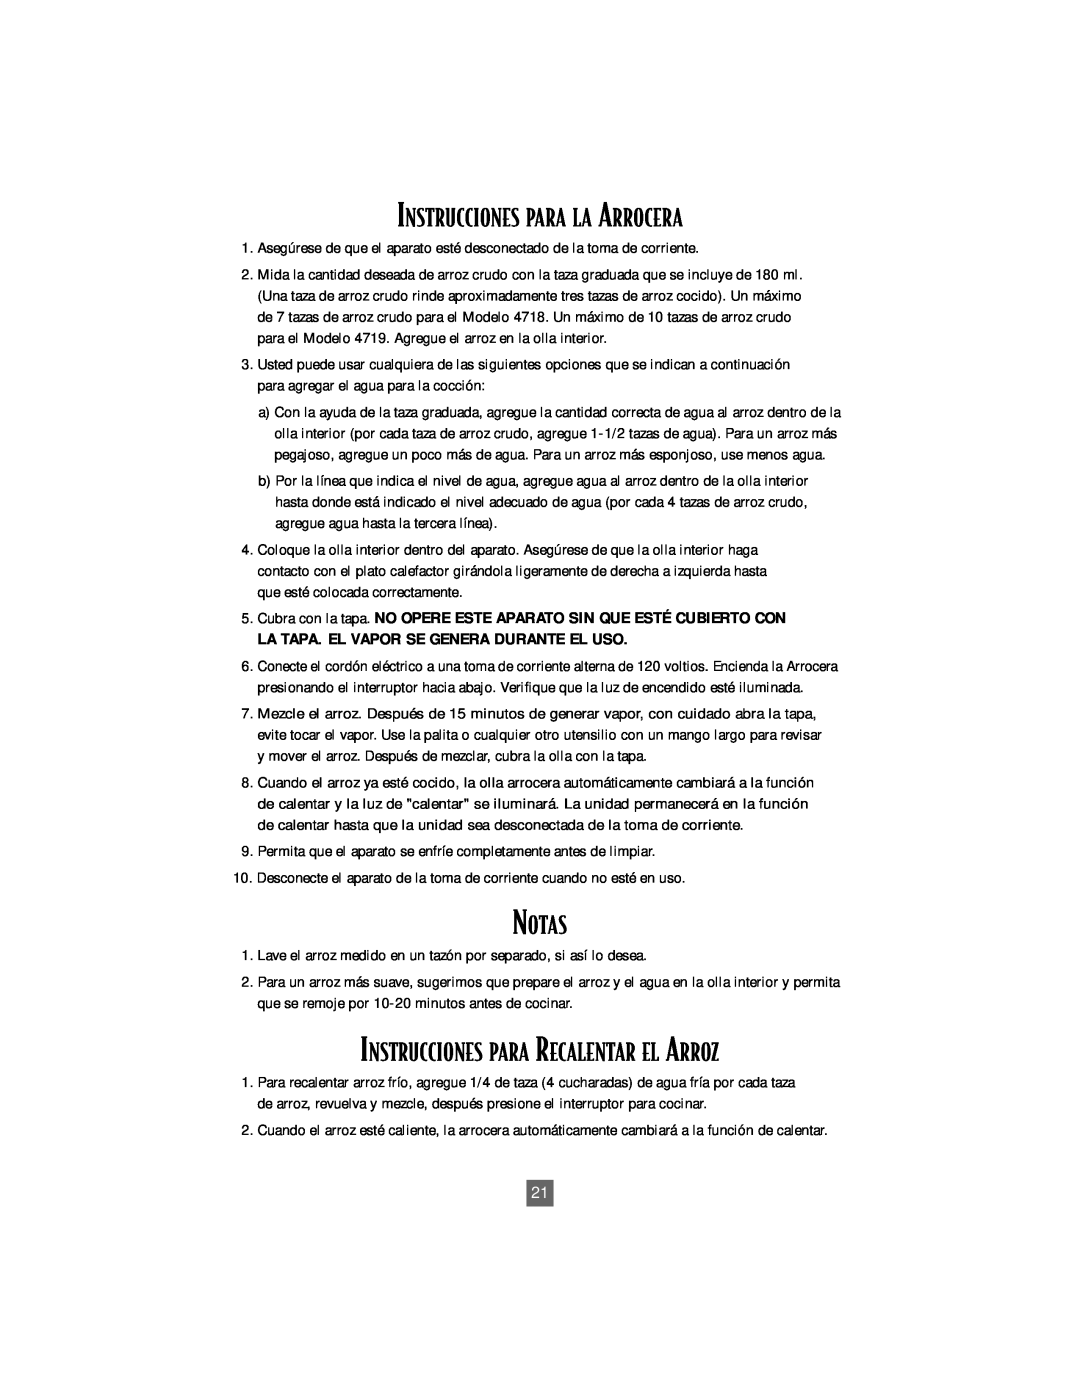 Oster 4718 instruction manual Instrucciones Para La Arrocera, Notas, Instrucciones Para Recalentar El Arroz 
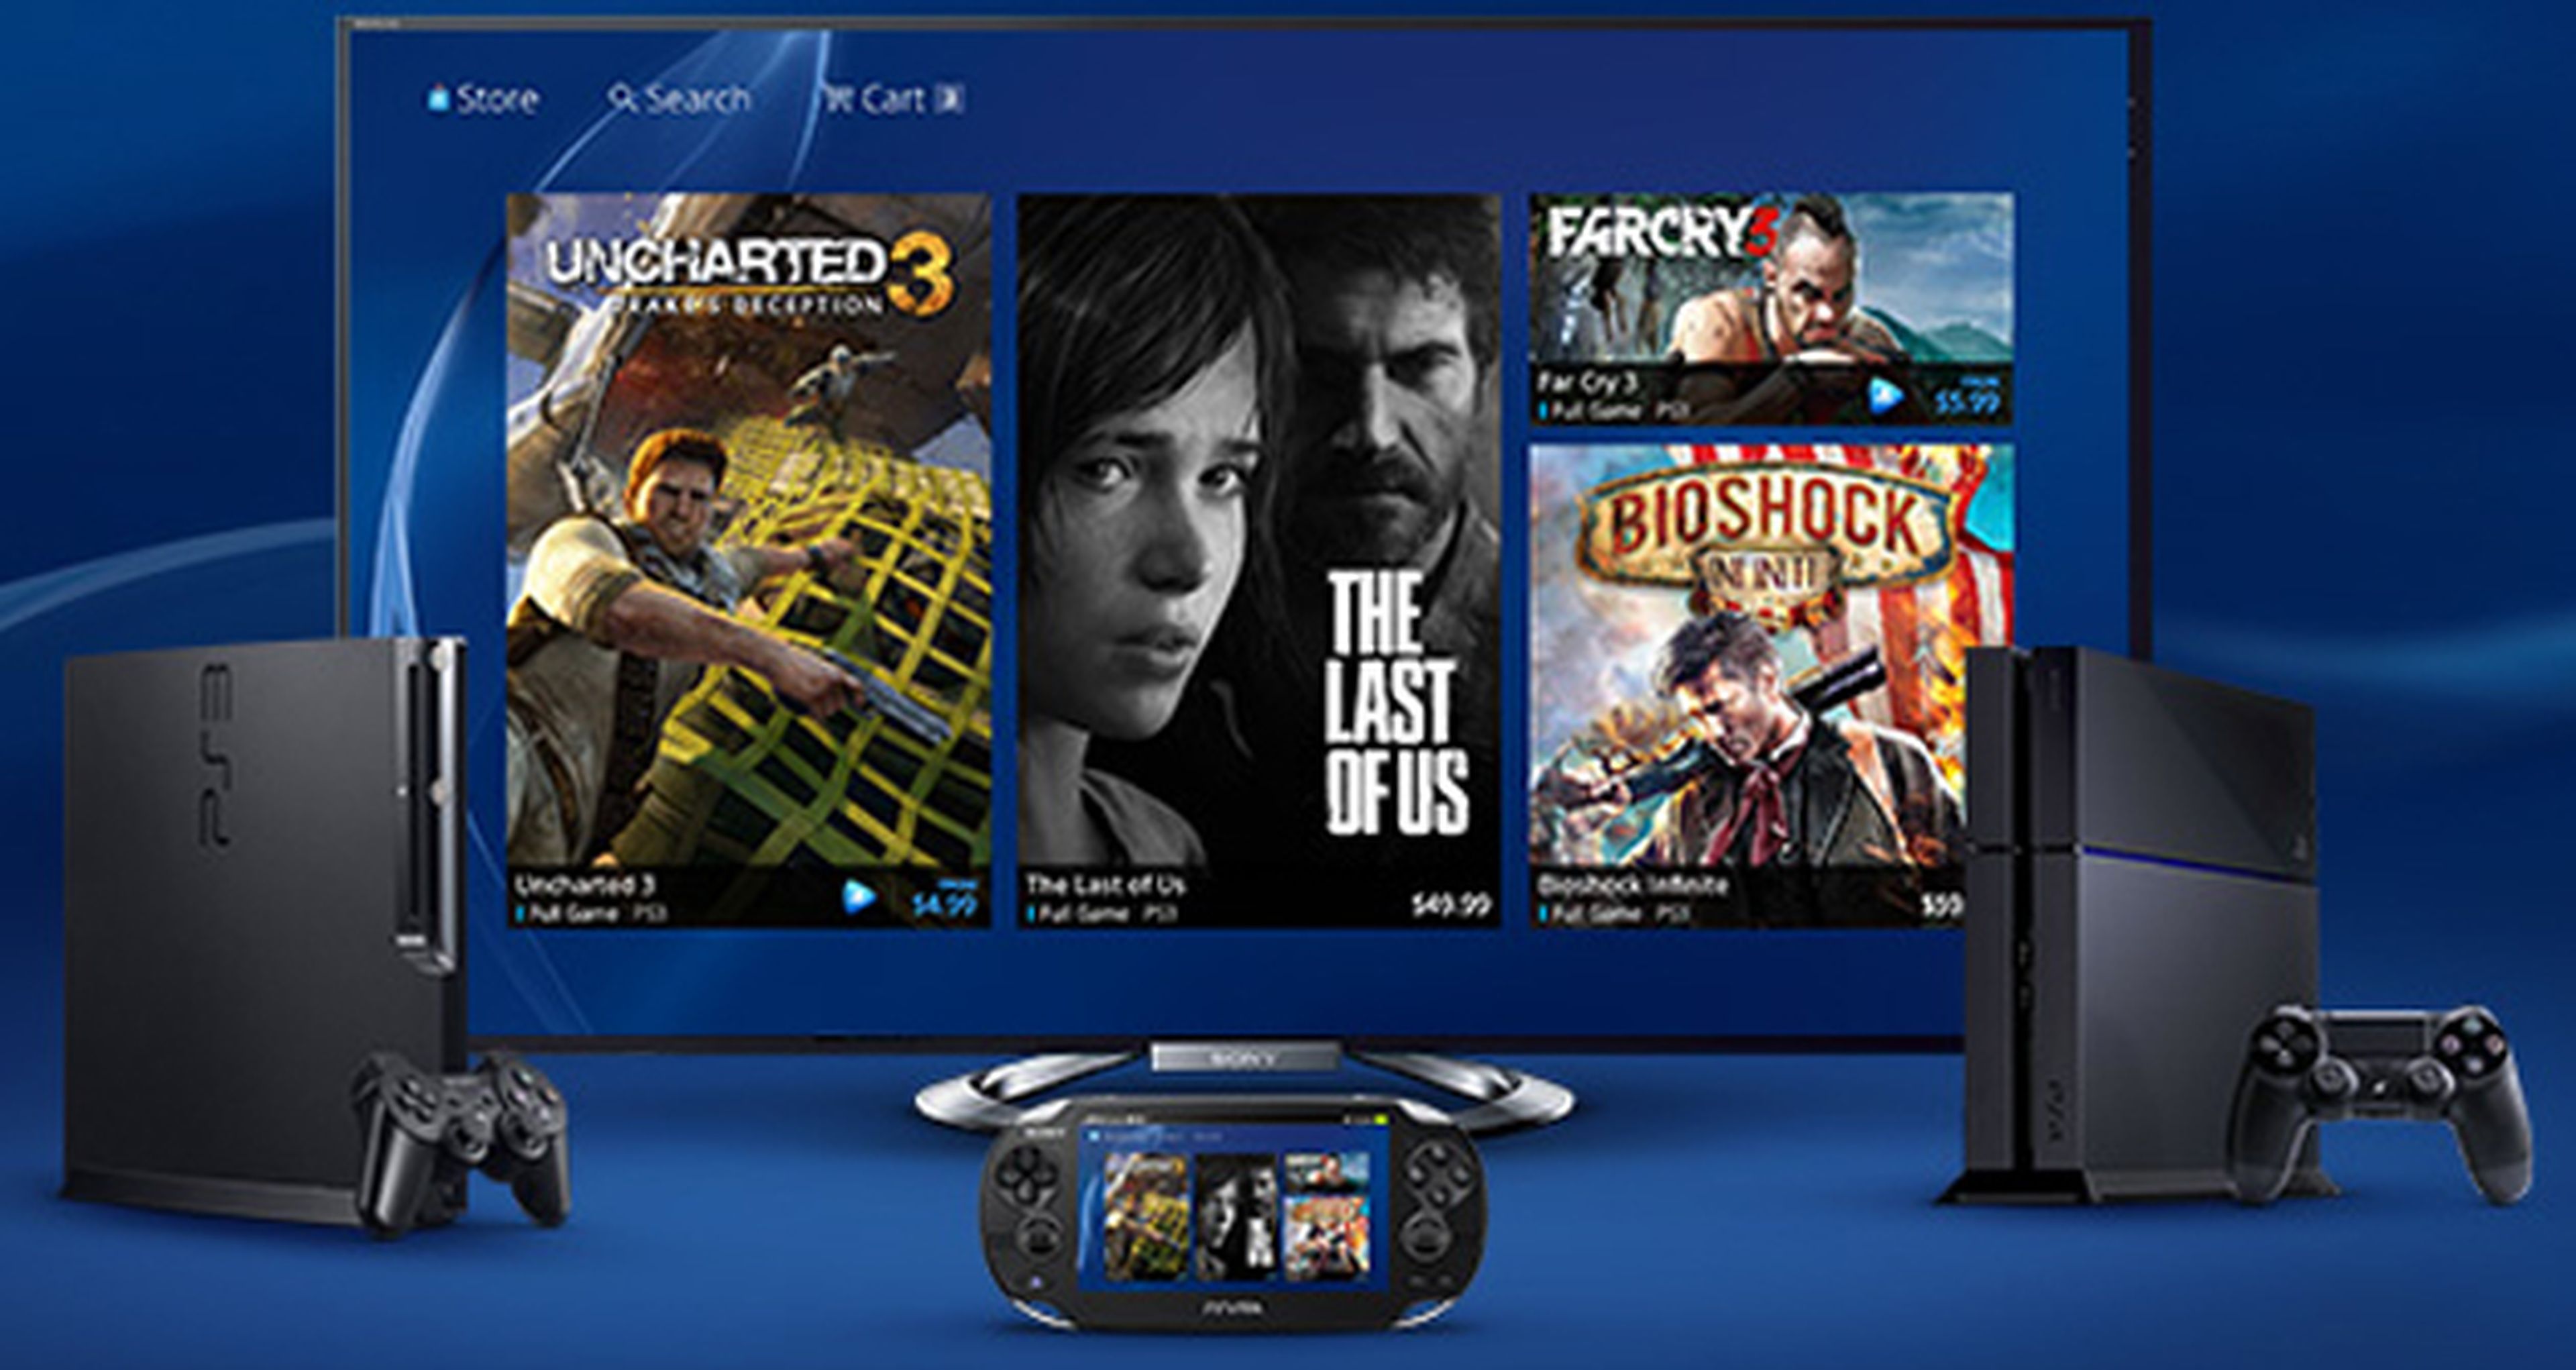 La beta PS Now llega a los televisores de Sony
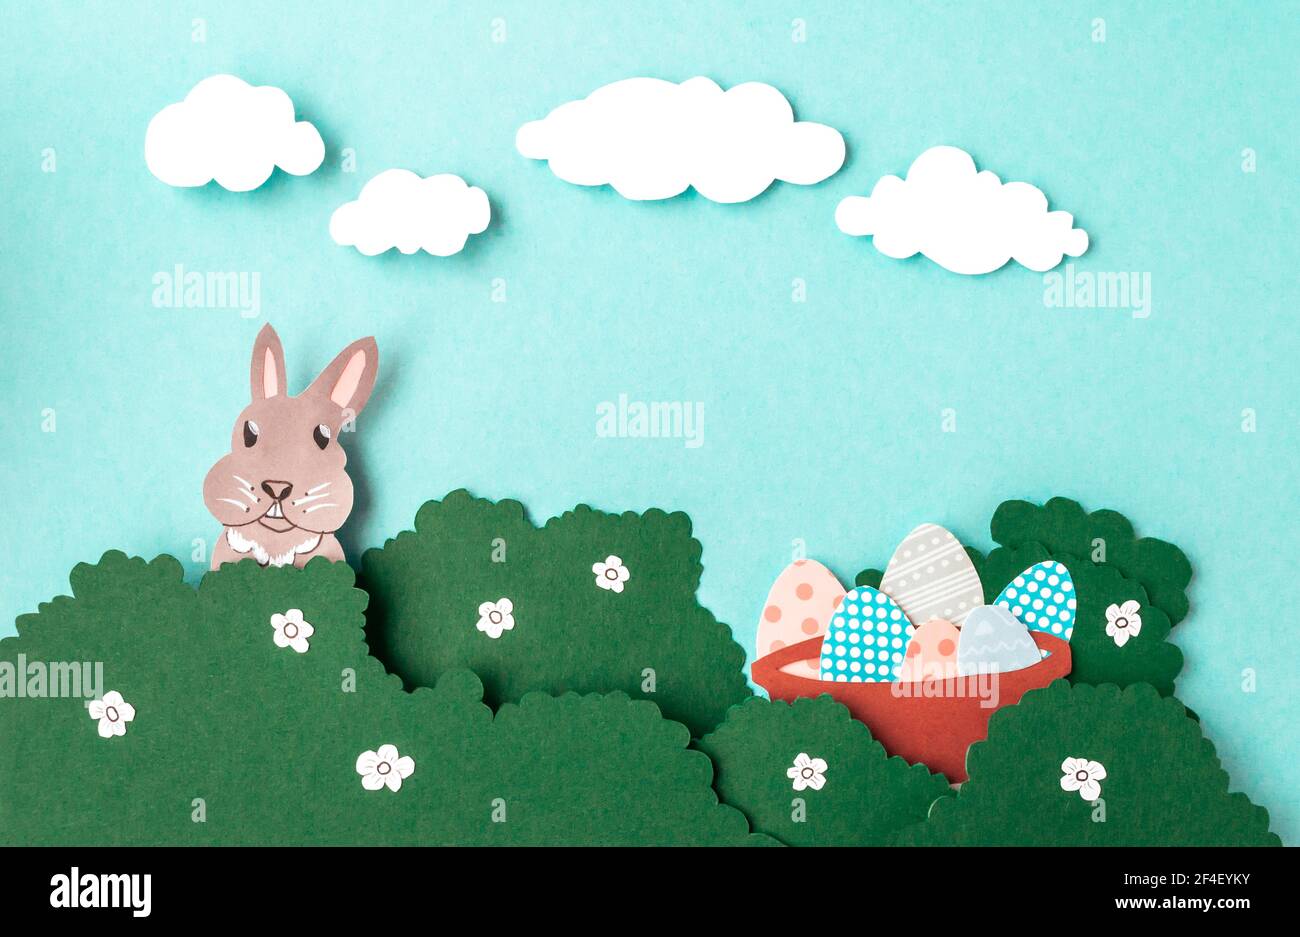 Bricolage facile de Pâques : le lapin en papier avec un gobelet
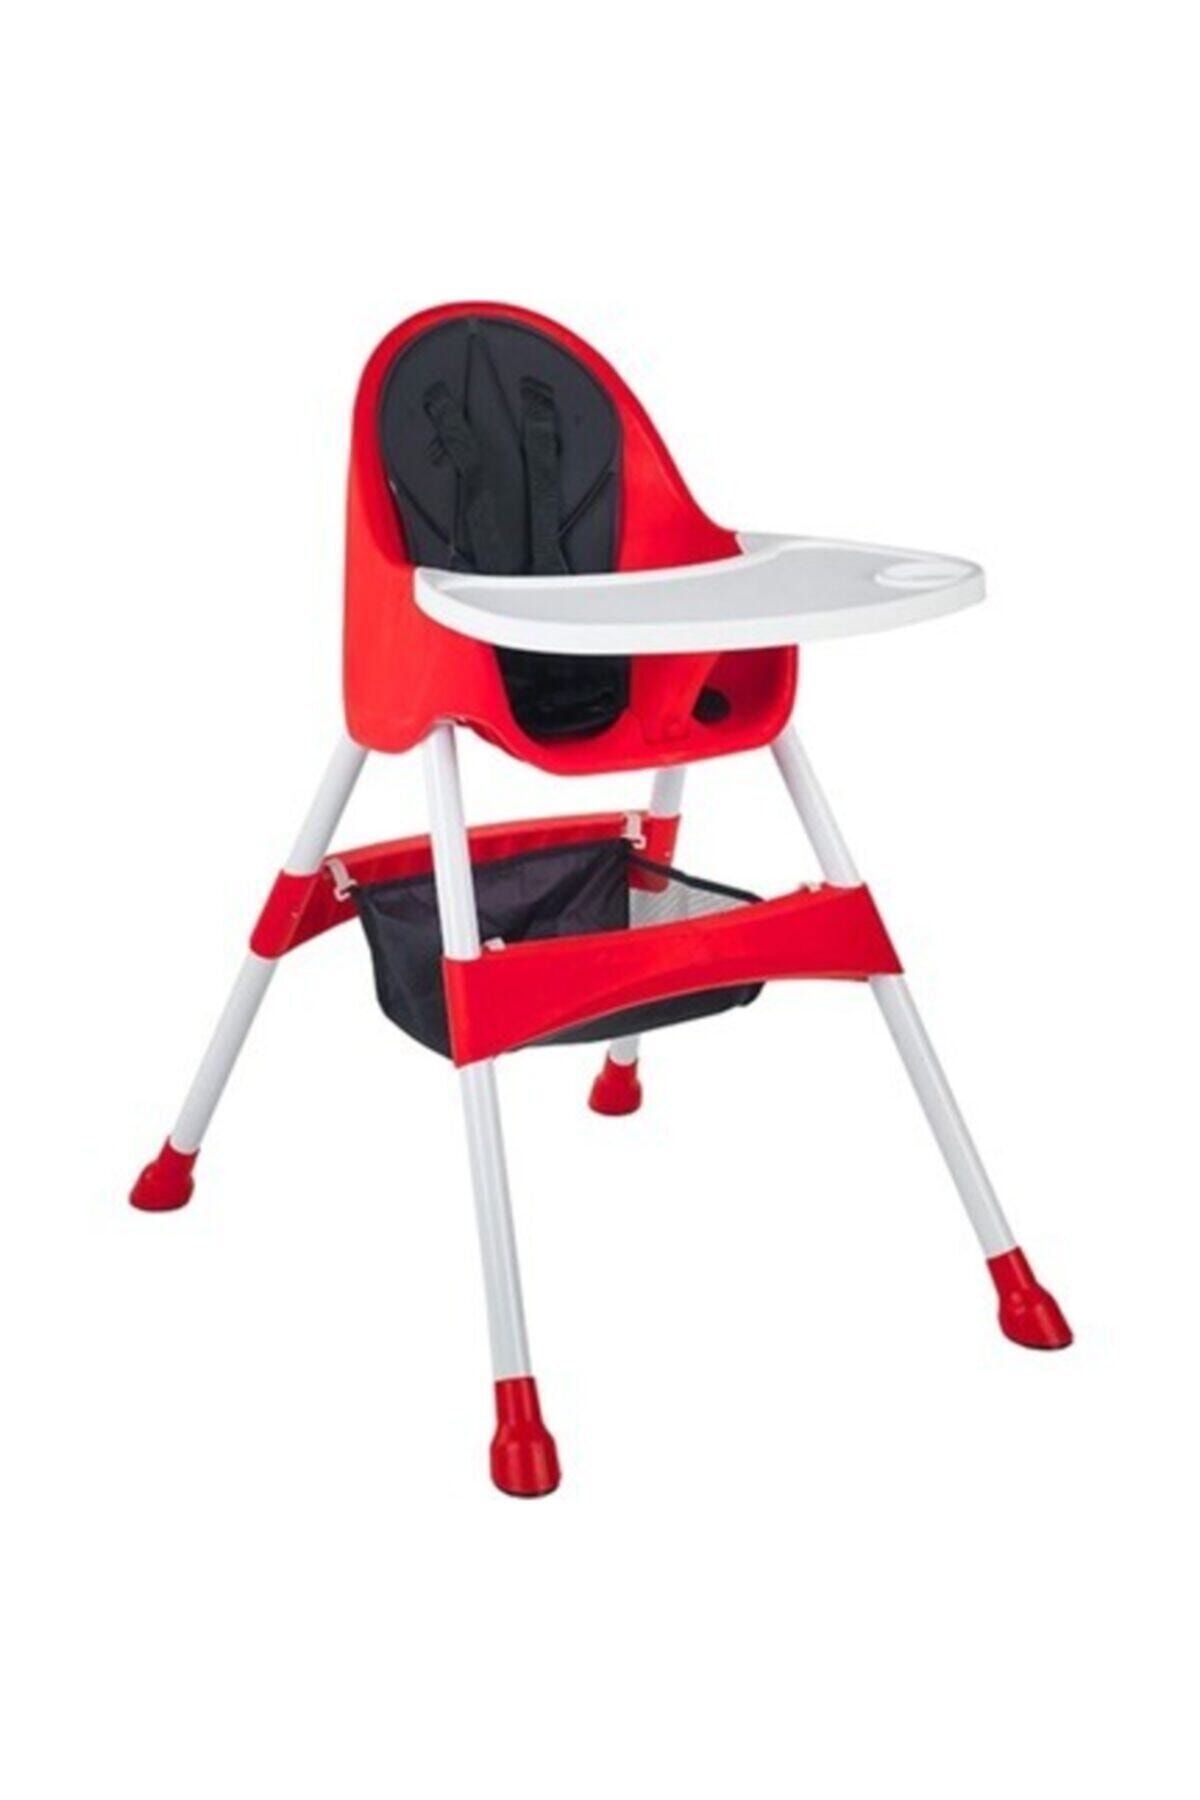 Babyhope Royal Mama Sandalyesi Ekonomik Mama Masası Portatif Yemek Masa-kırmızı Bh-7001
:::
#### What this task involves
Lines from the one holding "La beta PS Now" to the end of the data, both ends included, are to be given again exactly; no pictures belong in the copy.

#### Answer box
 La beta PS Now llega a los televisores de Sony
 Bricolage facile de Pâques : le lapin en papier avec un gobelet
 Babyhope Royal Mama Sandalyesi Ekonomik Mama Masası Portatif Yemek Masa-kırmızı Bh-7001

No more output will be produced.